* Assignment: From the listing below, restate word for word the lines from the line containing "COMMEMORATION of the" down through the line containing "High Quality 50pcs/lot". Exclude pictures.

* Information shown:
<<<<

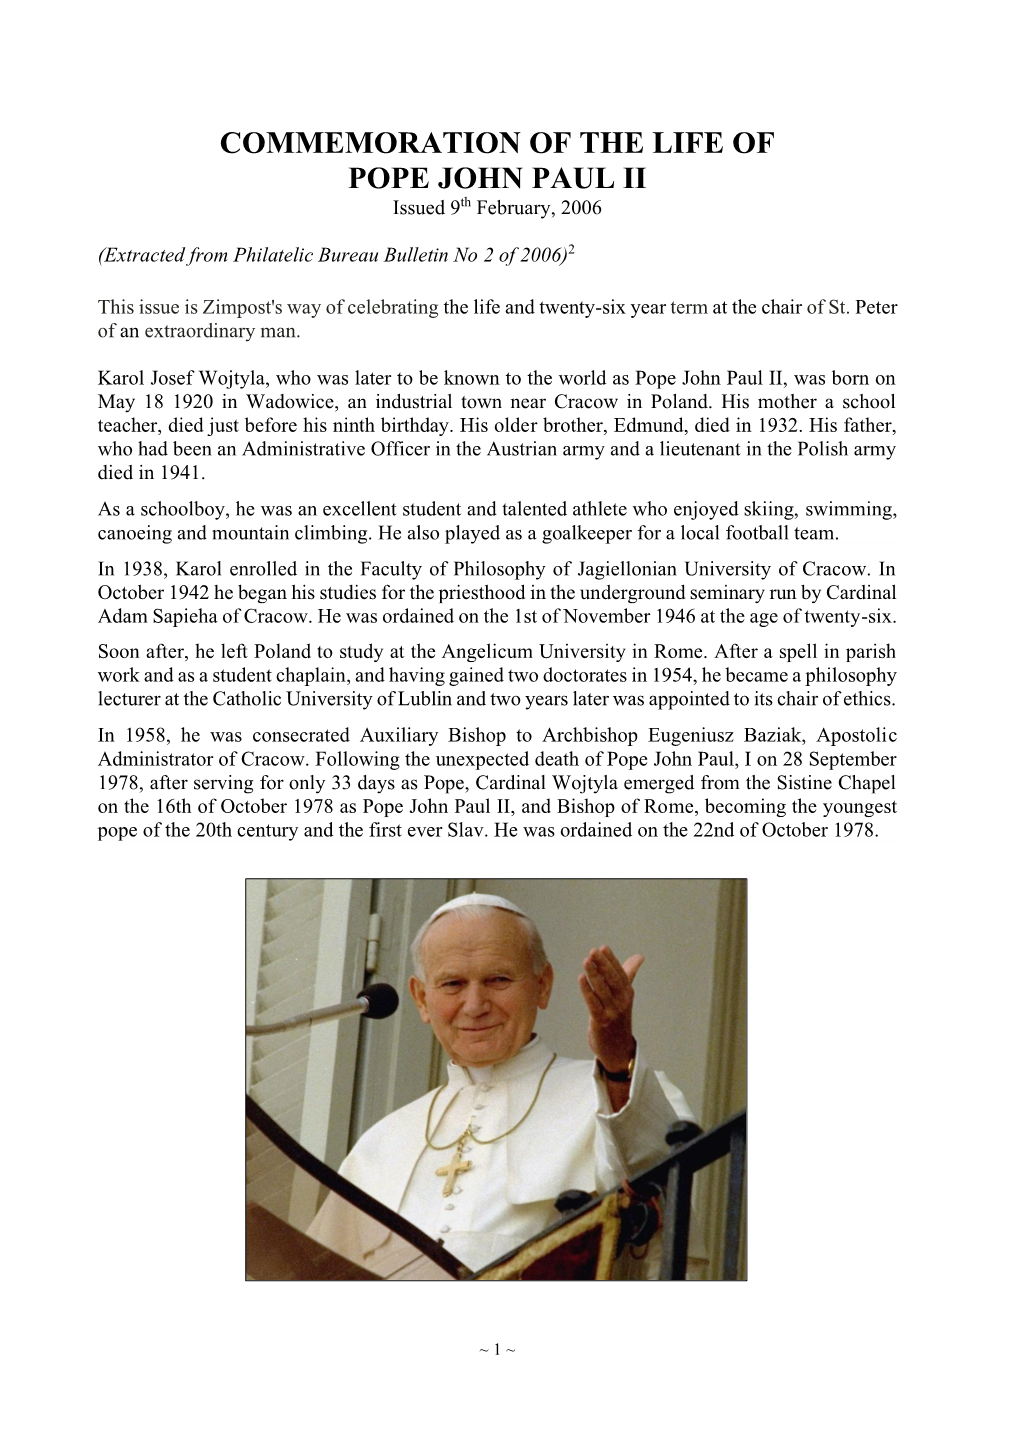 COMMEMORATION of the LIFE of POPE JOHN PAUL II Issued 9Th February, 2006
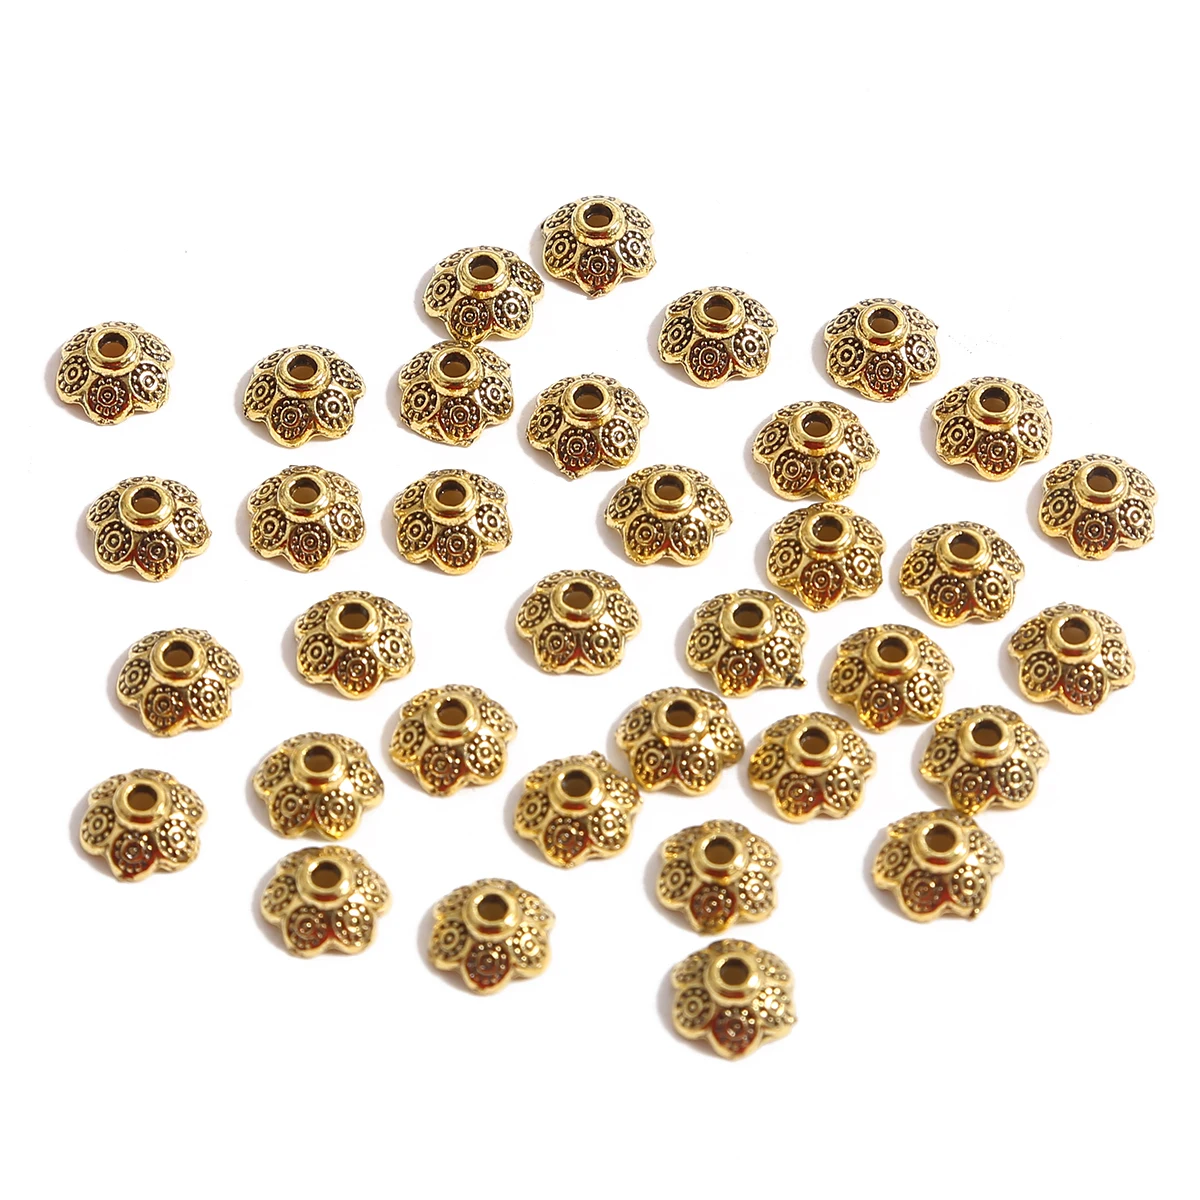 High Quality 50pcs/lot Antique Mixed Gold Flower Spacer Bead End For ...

>>>>
<<<<

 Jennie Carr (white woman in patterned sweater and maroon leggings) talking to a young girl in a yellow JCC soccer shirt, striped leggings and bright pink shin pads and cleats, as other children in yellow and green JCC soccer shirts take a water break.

>>>>

* Result below:
 COMMEMORATION of the LIFE of POPE JOHN PAUL II Issued 9Th February, 2006
 High Quality 50pcs/lot Antique Mixed Gold Flower Spacer Bead End For ...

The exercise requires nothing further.